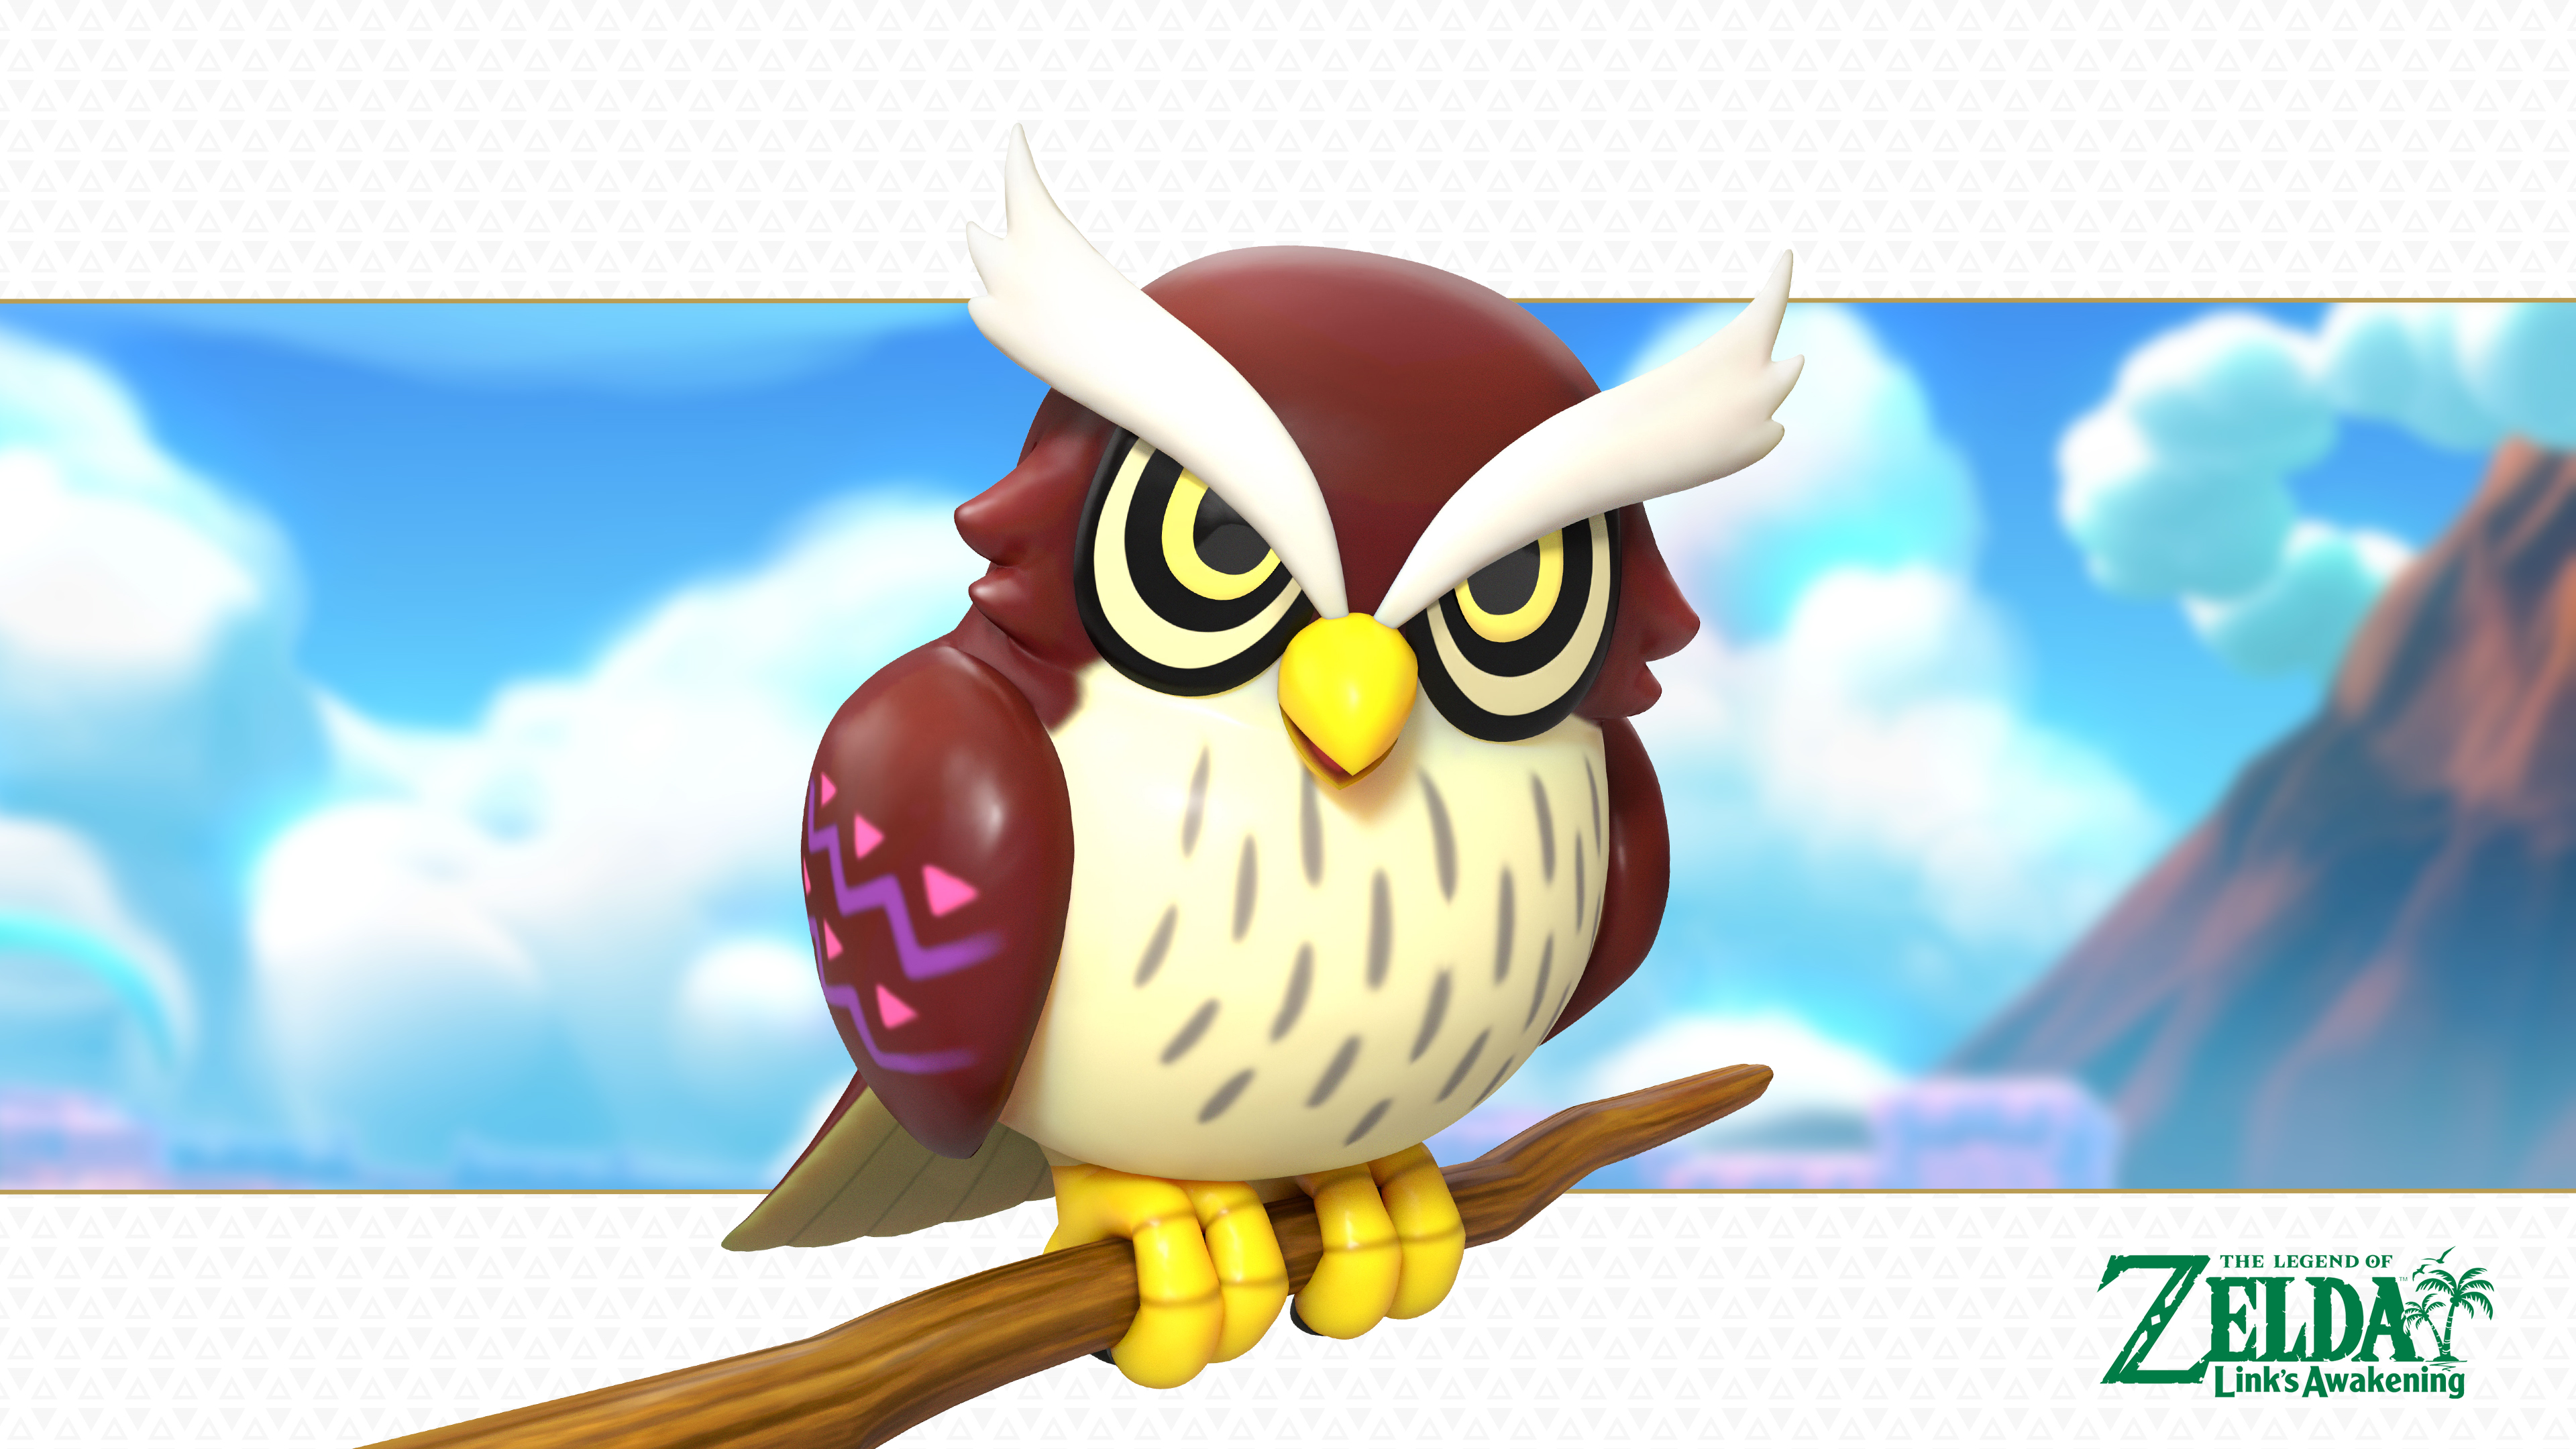 Zelda Link's Awakening Owl - HD Wallpaper 
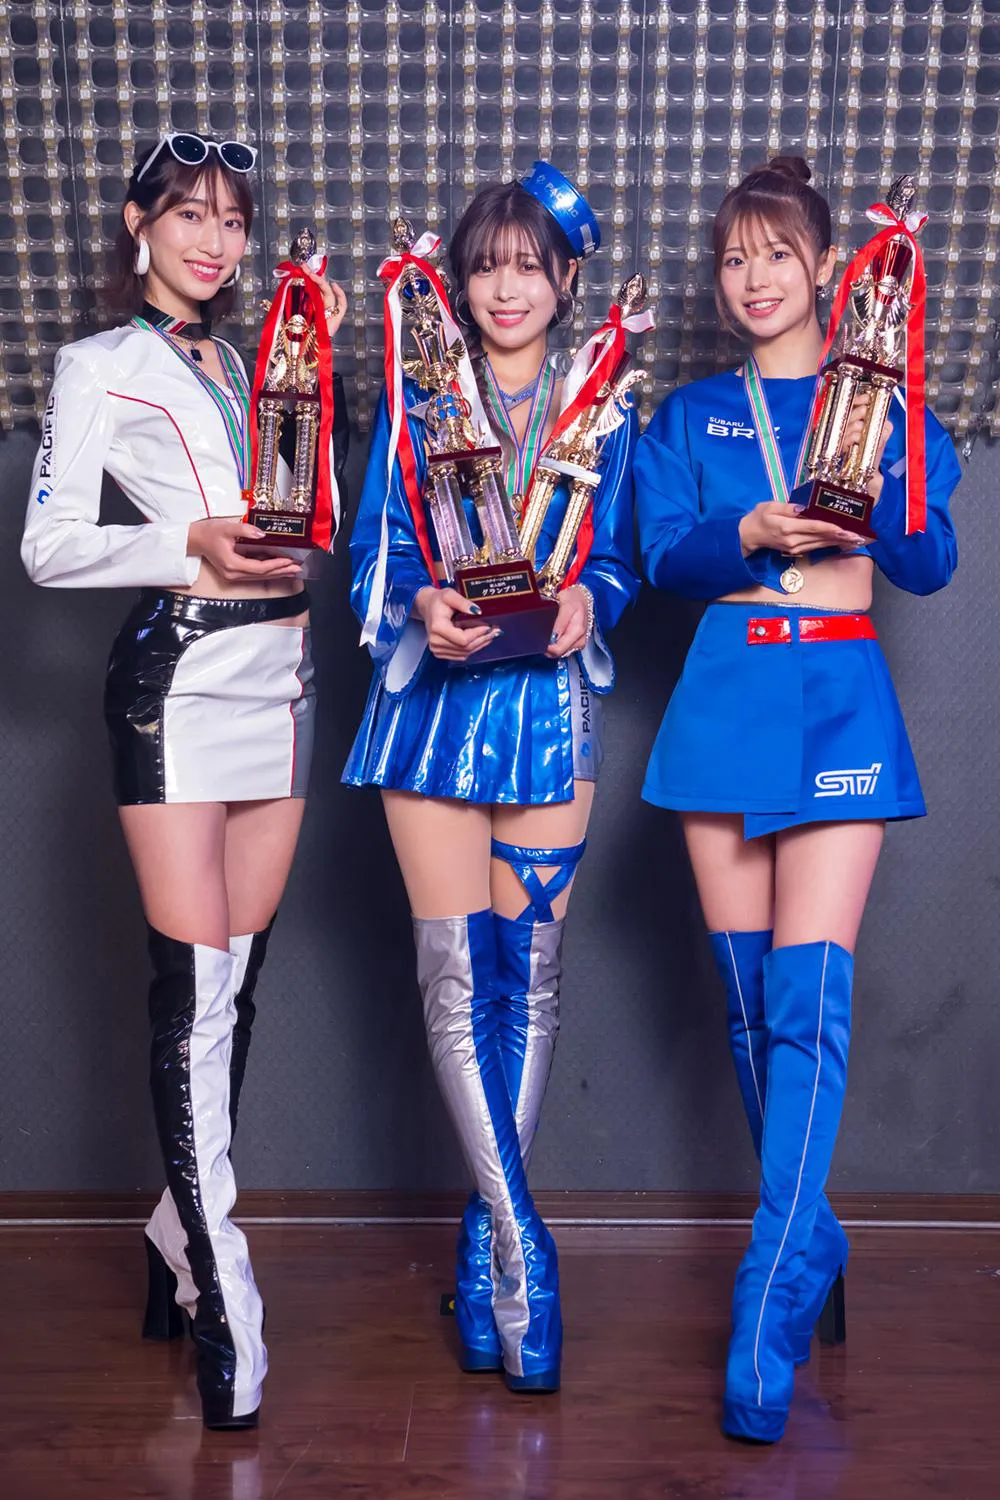 日本レースクイーン大賞2022新人部門を受賞した早川みゆき、七瀬なな、朝倉咲彩(写真左から)
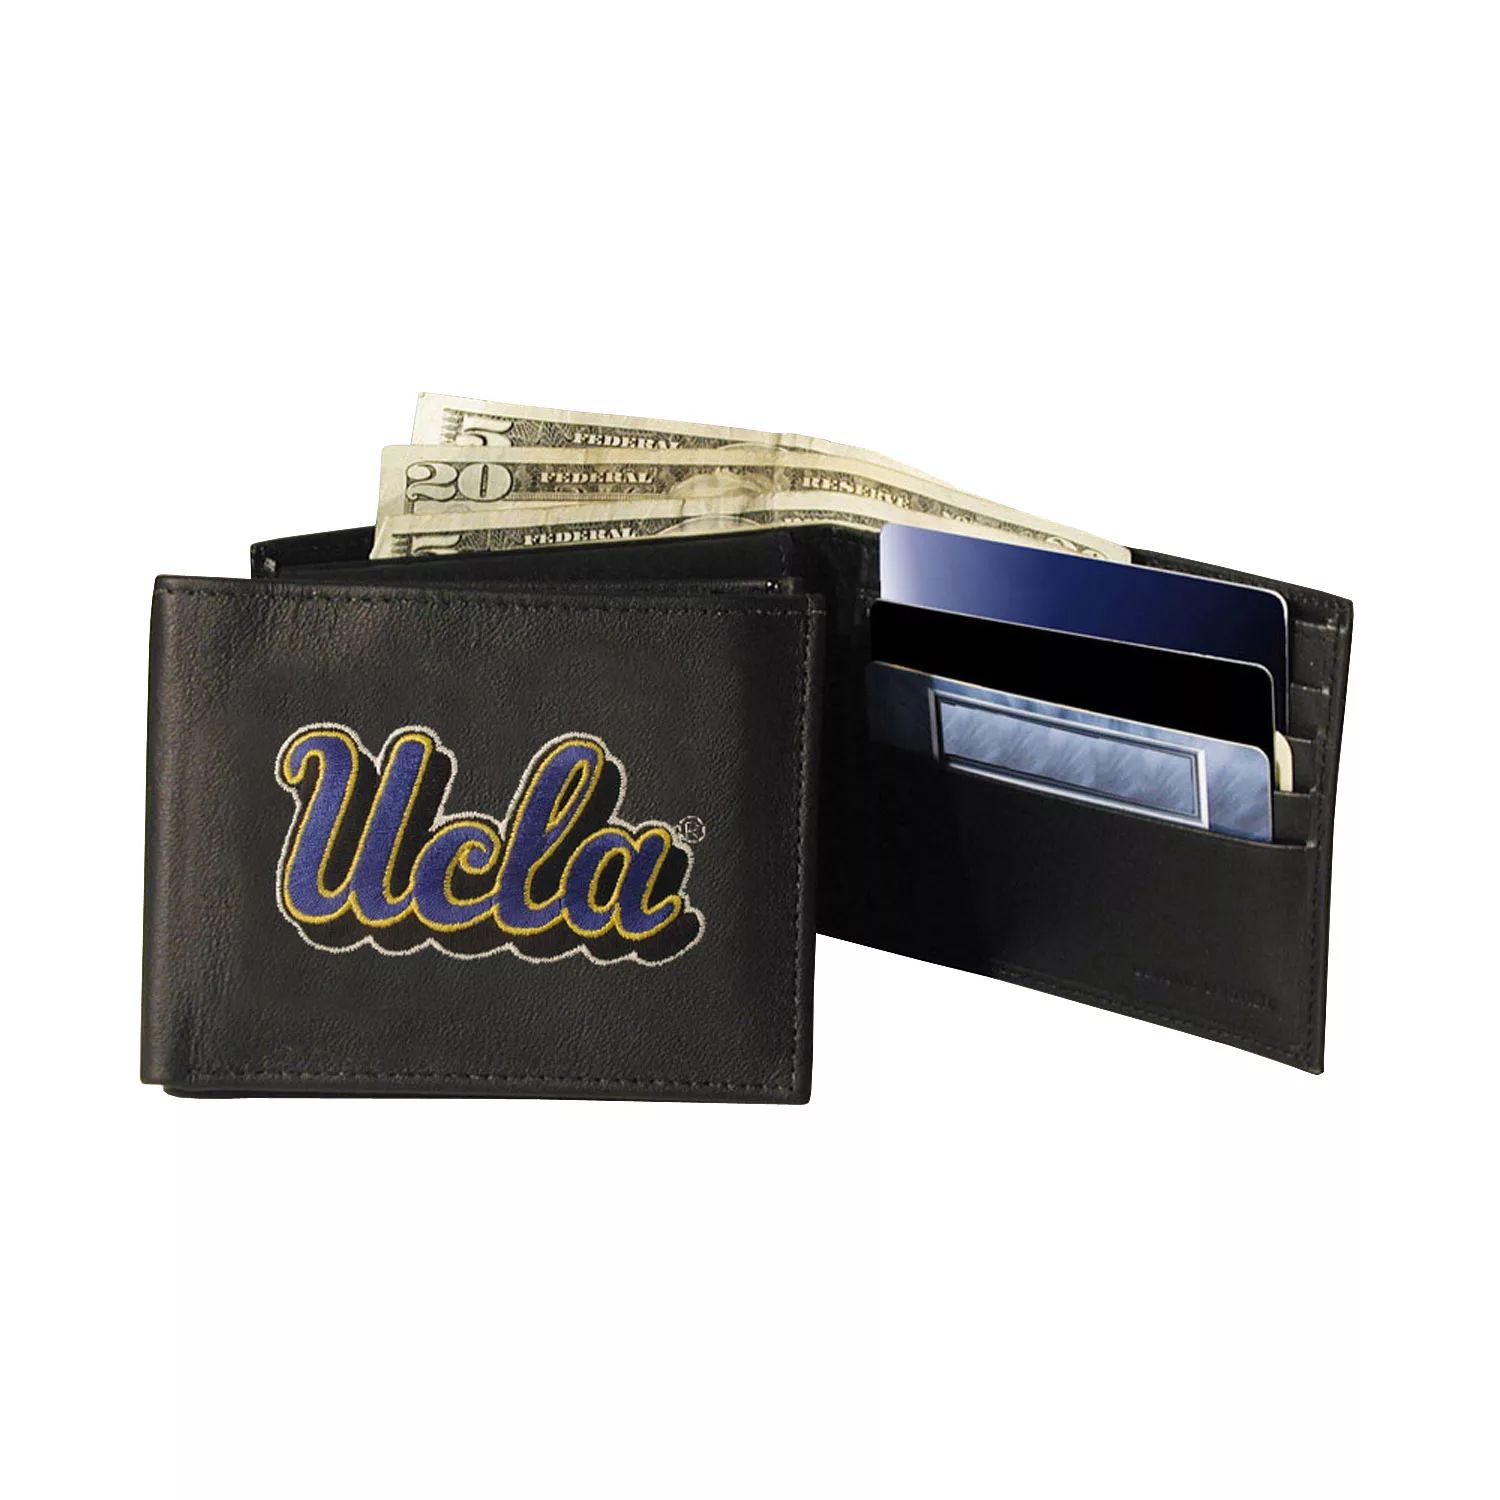 цена Кожаный кошелек UCLA Bruins двойного сложения

= = = = = = =

Exercise: Could you print the data exactly as it appears and keep the pictures out?

Solved problem:
 Zelda Link's Awakening Owl - HD Wallpaper 
 日本レースクイーン大賞2022新人部門を受賞した早川みゆき、七瀬なな、朝倉咲彩(写真左から)
 цена Кожаный кошелек UCLA Bruins двойного сложения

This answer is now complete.